Metastasis therefore remains one of the key cancer challenges. It’s over 125 years since the London physician Stepen Paget asked the critical question: ‘What is it that allows tumour cells to spread around the body?’ and it’s a daunting fact that only very recently have we made much progress towards an answer – and thus perhaps a way of controlling it. To the fore in this pursuit has been David Lyden and his colleagues at Weill Cornell Medical College in New York. Their most astonishing finding is that cells in the primary tumour release messengers into the circulation and these, in effect, tag what will become landing points for wandering cells. Astonishing because it means that these sites are determined before any tumour cells actually set foot outside the confines of the primary tumour. Lyden has christened this ‘bookmarking’ cancer. That is a quite remarkable finding – but, as ever in science, it merely shifts the question to ‘OK but what’s the messenger?’

A ray of sunshine

It might appear somewhat churlish, especially after all that funding, to end on a note of defeatist gloom so let’s finish with my ray of sunshine that represents a radical approach to the problem. It relies on the fact that small numbers of cells break away from tumors and pass into the circulation. In addition, tumours can release both DNA and small sacs – like little cells – that contain DNA, proteins and RNAs (nucleic acids closely related to DNA). These small, secreted vesicles are called exosomes – a special form of messengers, communicating with other cells by fusing to them. By transferring molecules between cells, exosomes may play a role in mediating the immune response and they are now recognized as key regulators of tumour growth and metastasis.

Step forward Lyden and friends once more who have just shown in a mouse model of pancreatic cancer that exosomes found their way to the liver during the tumour’s earliest stages. Exosomes are taken up by some of the liver cells and this sets off a chain of cell-to-cell signals that eventually cause the accumulation of a kind of molecular glue (fibronectin). This is the critical ingredient in a microenvironment that attracts tumour cells and promotes their growth as a metastasis (secondary growth). So you can think of exosomes as a kind of environmental educator.

Exosome Fig

Exosomes released from primary tumours can mark a niche for metastasis.

The small sacs of goodies called exosomes are carried to the liver where they fuse with some cells, setting off a chain reaction that produces a sticky protein – fibronectin – a kind of glue for immune cells and tumour cells. (from Costa-Silva, B., Lyden, D. et al., Nature Cell Biology 17, 816–826, 2015).

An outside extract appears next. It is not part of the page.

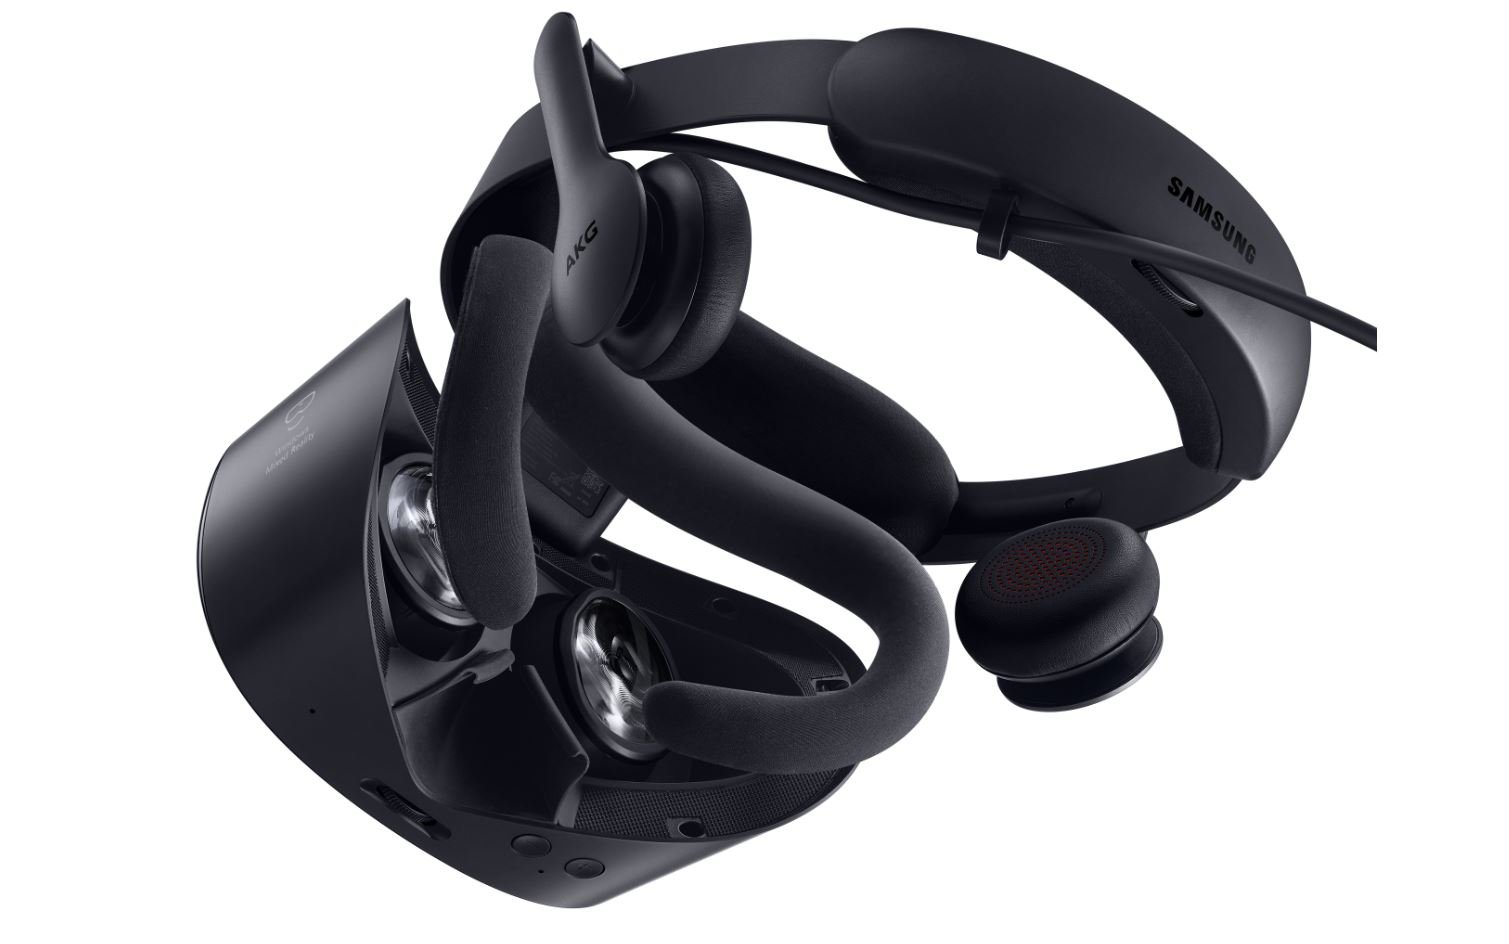 Upozornenie na ponuku: Náhlavná súprava Samsung HMD Odyssey+ VR je teraz k dispozícii len za 229 dolárov
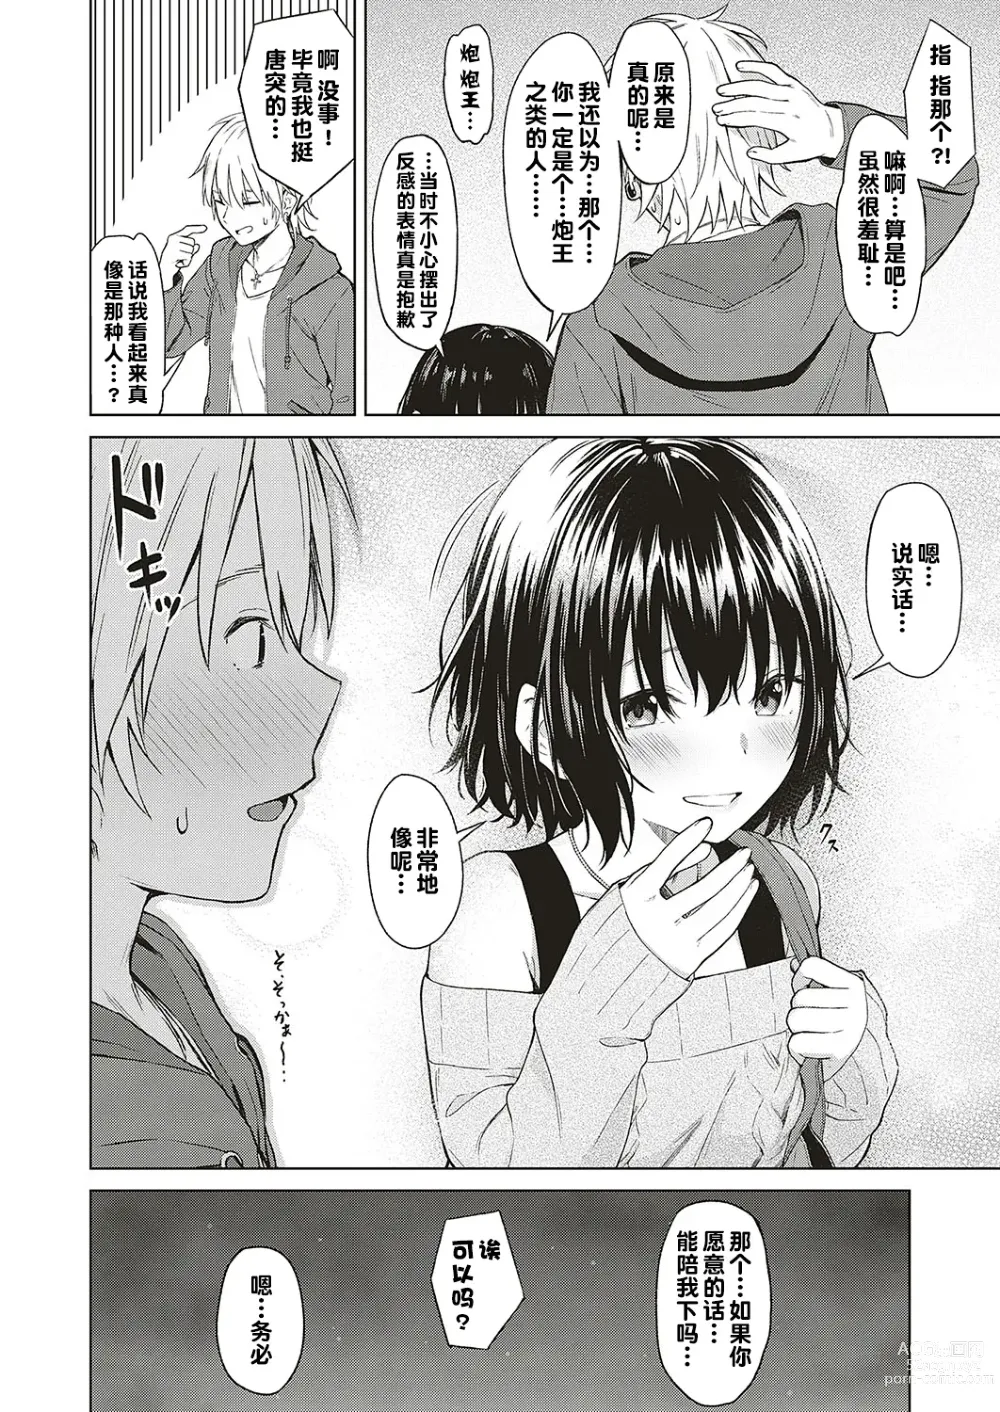 Page 6 of manga Analogy

The recent, remarkable technical advances that permit the isolation of exosomes also make it possible to fish out circulating tumour cells and tumour DNA from a mere teaspoonful of blood.

Circulating tumour cells have already been used to monitor patient responses to chemotherapy – when a treatment works the numbers drop: a gradual rise is the earliest indicator of the treatment failing. Even more exciting, this approach offers the possibility of detecting the presence of cancers years, perhaps decades, earlier than can presently be achieved. Coupling this to the capacity to sequence the DNA of the isolated cells to yield a genetic signature of the individual tumor can provide the basis for drug treatment. There are still considerable reservations attached to this approach but if it does drastically shift the stage at which we can detect tumors it may also transpire that their more naïve forms, in which fewer mutations have accumulated, are more susceptible to inhibitory drugs. If that were to be the case then even our currently rather bare, though slowly expanding, drug cabinet may turn out to be quite powerful.